In her complaint, Lynch stated that National City harassed her and her tenants, failed to offer her disability insurance, wants her to clear-up a non-sufficient funds fee, didn't apply a payment to her loans, returned funds she intended as payment, aided her disability, failed to offer her a hardship alternative, committed discriminatory treatment, ruined her credit, and made untrue accusations of not being current in her loan payments. Even upon fully accepting these allegations as true, we see nothing in her complaint or these allegations that show Lynch is entitled to relief. We respect that Lynch is pro se and her complaint is not going to adhere to the standards set for a trained lawyer. However, we must be satisfied beyond a doubt that she can produce a set of facts to support her allegations. We were not so satisfied; accordingly, Lynch's appeal is without merit.

Judgment affirmed.

It is ordered that appellees recover of appellant their costs herein taxed.

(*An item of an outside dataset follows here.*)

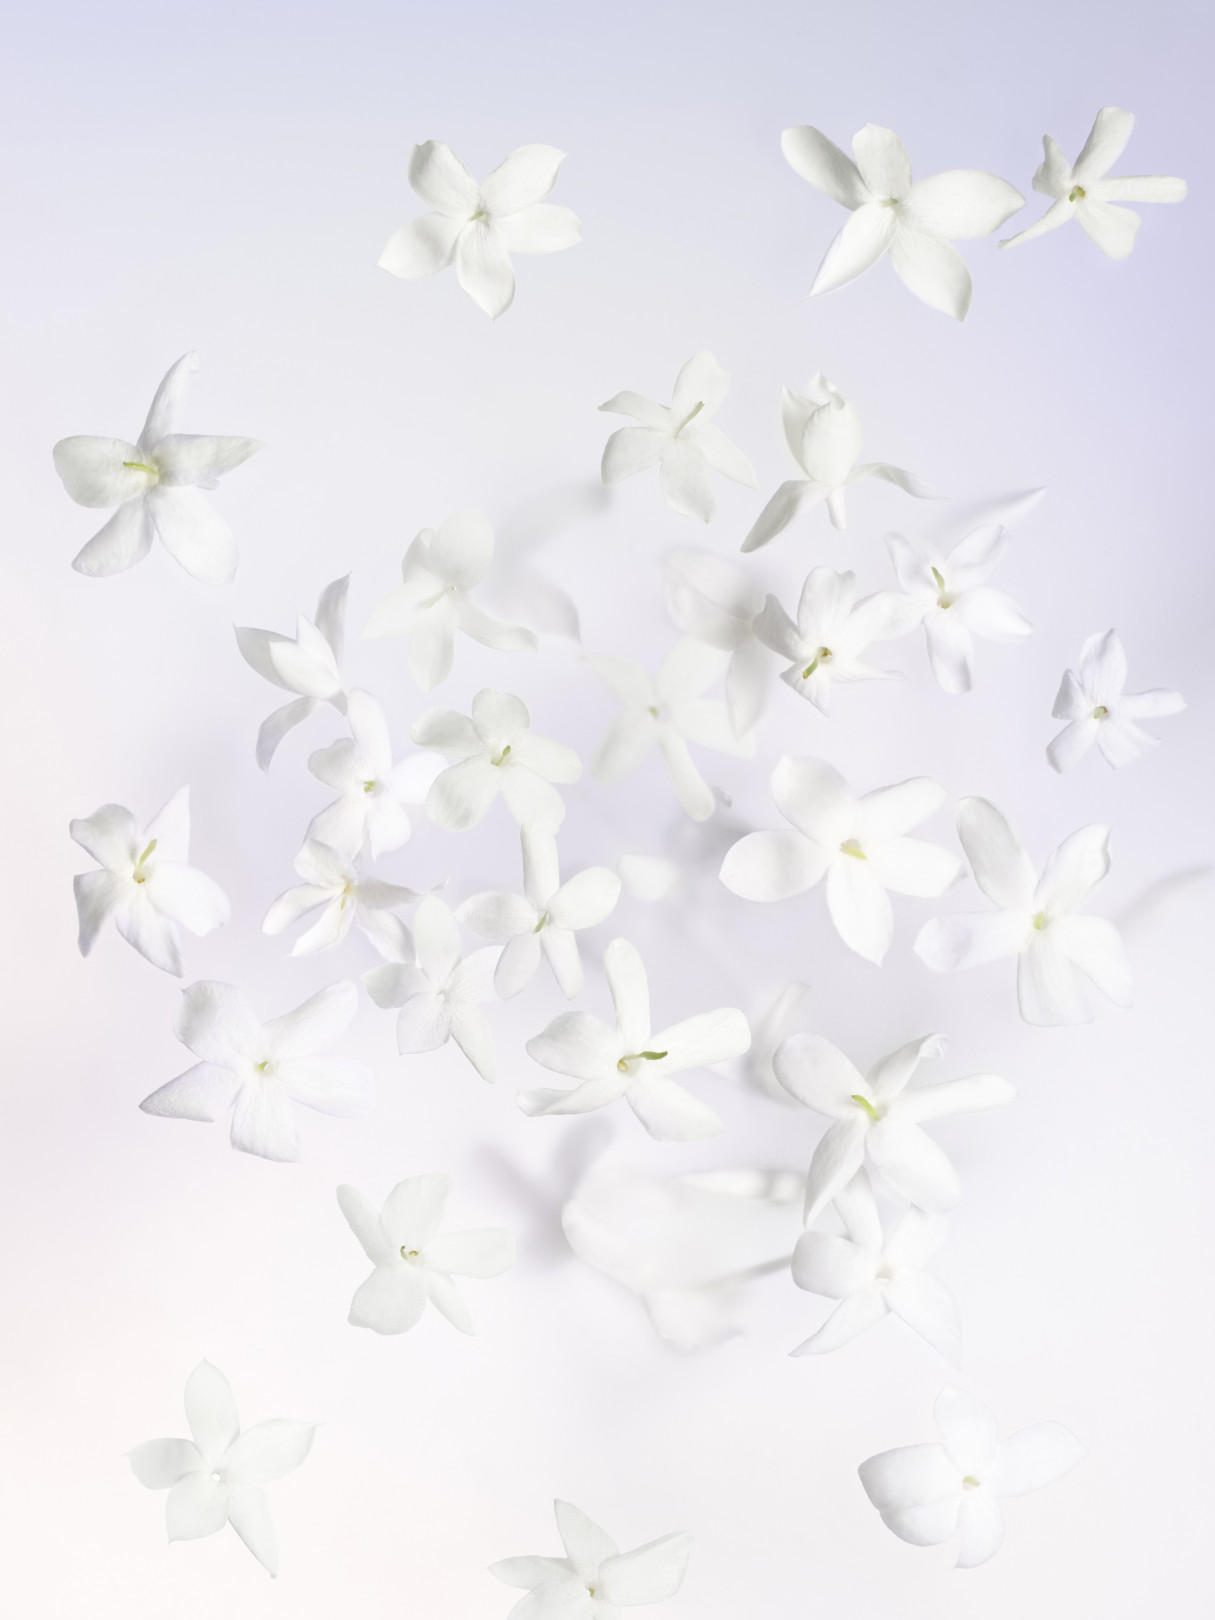 ルイ・ヴィトンの新作フレグランス「ウール・ダプサンス」発売、ブーケのような花々の香り | PHOTO(14/14) | FASHION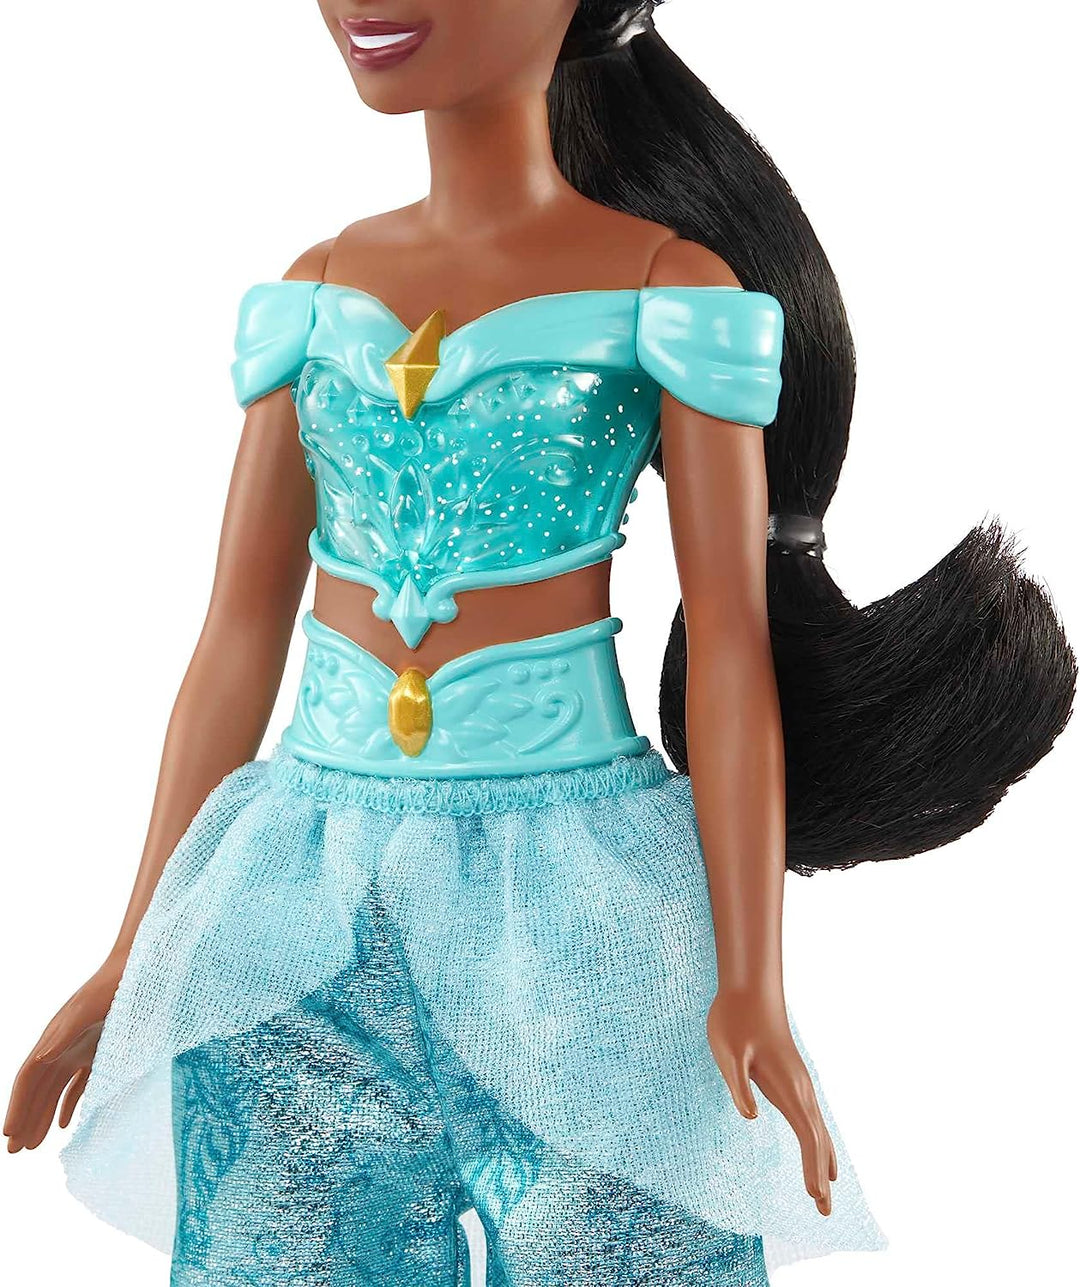 Disney Princess Toys, bewegliche Modepuppe Jasmine mit glitzernder Kleidung und A

The Court finds there were reasonable grounds for this appeal.

It is ordered that a special mandate issue out of this Court directing the Common Pleas Court to carry this judgment into execution.

A certified copy of this entry shall constitute the mandate pursuant to Rule 27 of the Rules of Appellate Procedure.

JAMES D. SWEENEY, P.J., and FRANK D. CELEBREZZE, J., CONCUR.

1 Girts v. Raaf (May 4, 1995), 1995 Ohio App. LEXIS 1862, Cuyahoga App. No. 67774, unreported.

2 Greeley v. Miami Valley Maintenance Contrs., Inc. (1990),49 Ohio St. 3d 228, 230, 551 N.E.2d 981.